Social isolation and loneliness are often overlooked as serious public health risks, even though a significant proportion of adults in the United States report feeling lonely. In a new 2020 report, approximately 25% of Americans who are 65 and over are considered to be socially isolated. Vulnerable patients especially, such as the elderly, are prone to social isolation and loneliness due to living alone or because of the loss of loved ones. According to the CDC, social isolation and loneliness put older adults at risk for dementia and other serious medical conditions.

Social Distancing Progressing to Social Isolation

COVID-19 restrictions have forced individuals to limit their socialization to only within those in their household to limit transmission of the virus. This rings especially true for the elderly and other vulnerable patient populations, as extra precautions are not only advised but necessary to prevent catching the potentially fatal virus. With physical symptoms of this virus at the forefront, the psychological impact is often overlooked.

While social isolation can lead to feelings of loneliness and dejection, it can also affect individuals physically causing stomach pain and headaches. The elderly population is more prone to elevated rates of loneliness as a direct consequence of social isolation.

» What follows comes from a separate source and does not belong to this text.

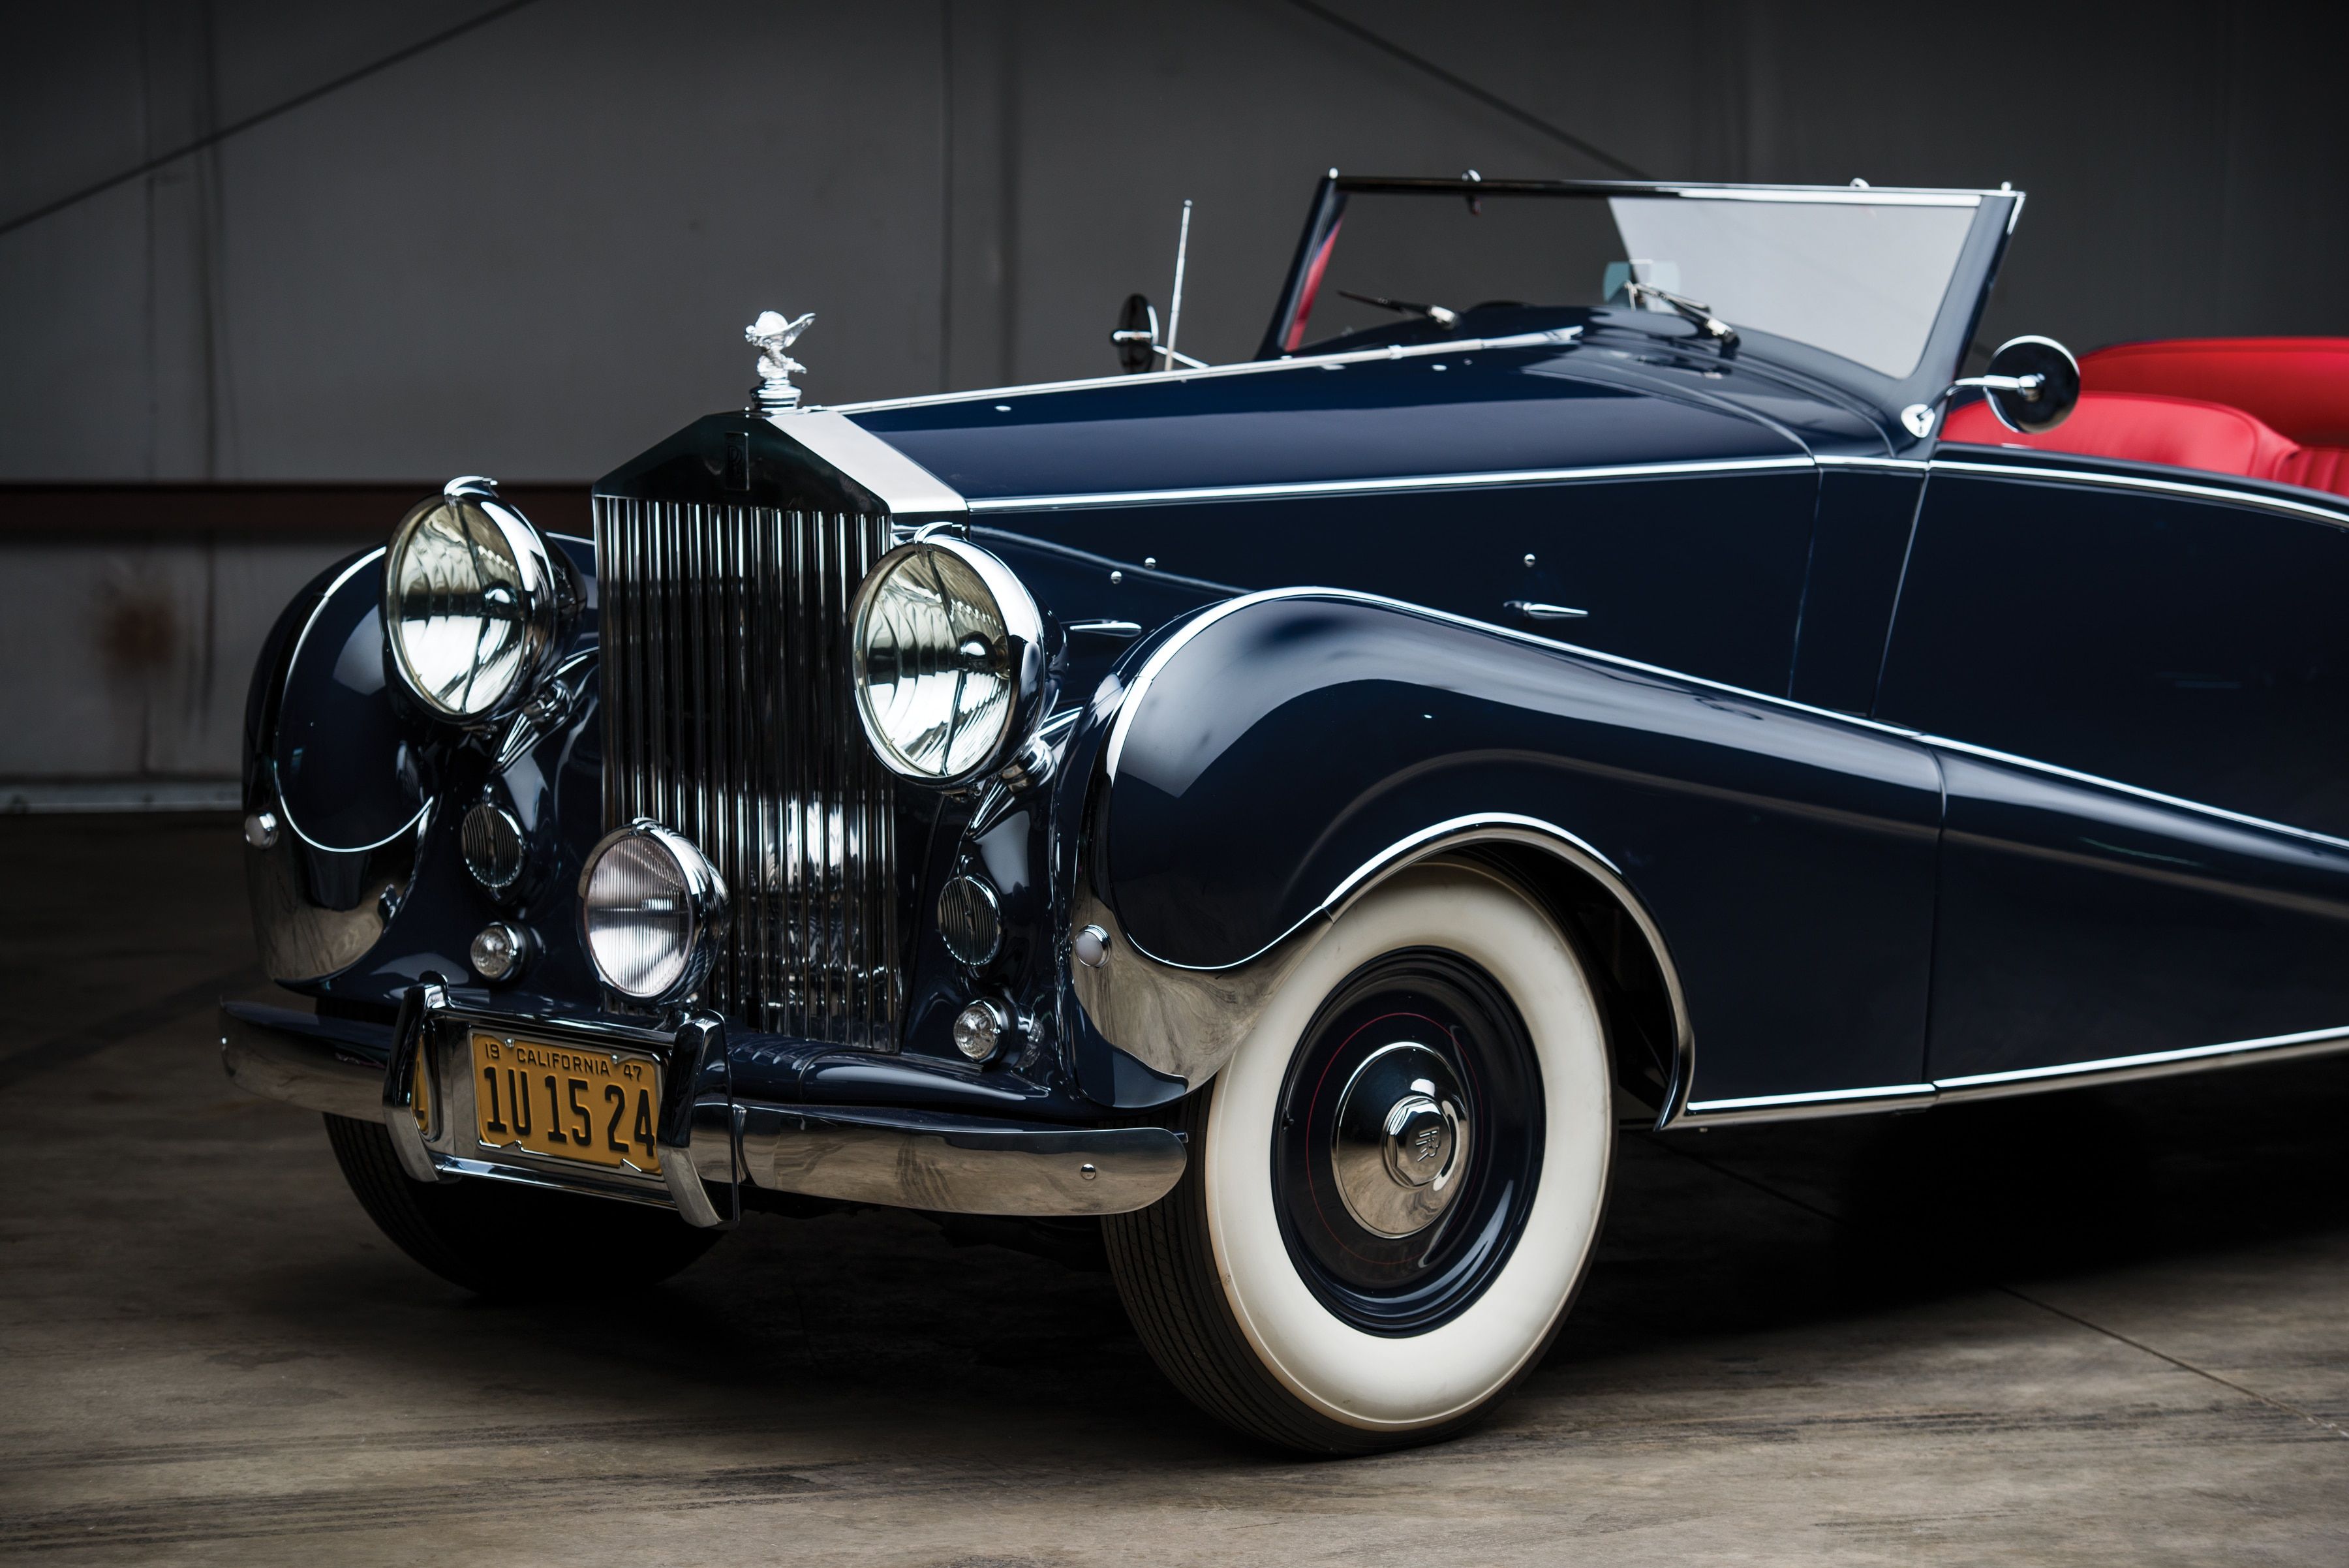 1947 Rolls Royce Silver Wraith auctions for Rs. 1.7 cr. at India’s first online classic car auction
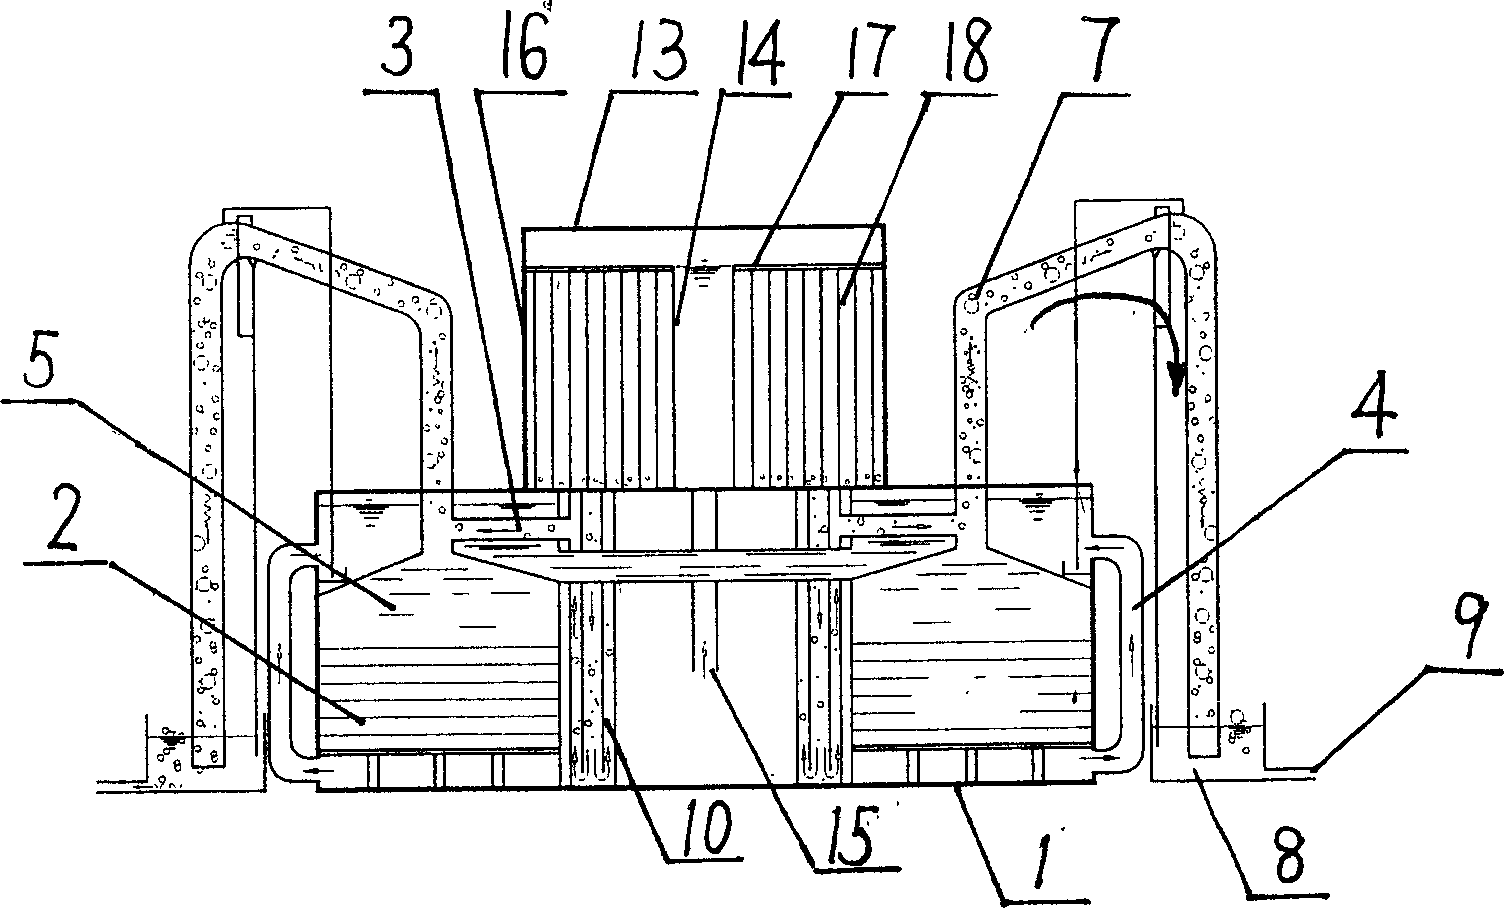 Apparatus and method for treating river and lake water

Telehealth Makes a Concrete Difference

To combat the challenges and consequences of social isolation, telehealth has proven to serve as a viable option. Telehealth can be utilized to mitigate and offset the negative outcomes that often stem from increased feelings of loneliness and depression. Telehealth services are able to provide the patient with the support they need to stay healthy during a time of heightened anxiety, paranoia, and isolation. Telehealth can also incorporate the caregiver or other family members into the patients’ care plan, a benefit that contributes to reducing feelings of loneliness and isolation. As the pandemic continues, clinicians can keep vulnerable populations socially engaged while decreasing their chances of worsening their medical conditions.

In a 2020 study, conducted by Bohan Farrell at the University of San Diego, researchers introduced weekly telehealth visits to reduce loneliness and depression among patients living in a senior living facility for three months. Approximately 80% of patients had a decrease in depression, and 60% of patients showed a decrease in loneliness over the three month period as a result of the weekly telehealth visits.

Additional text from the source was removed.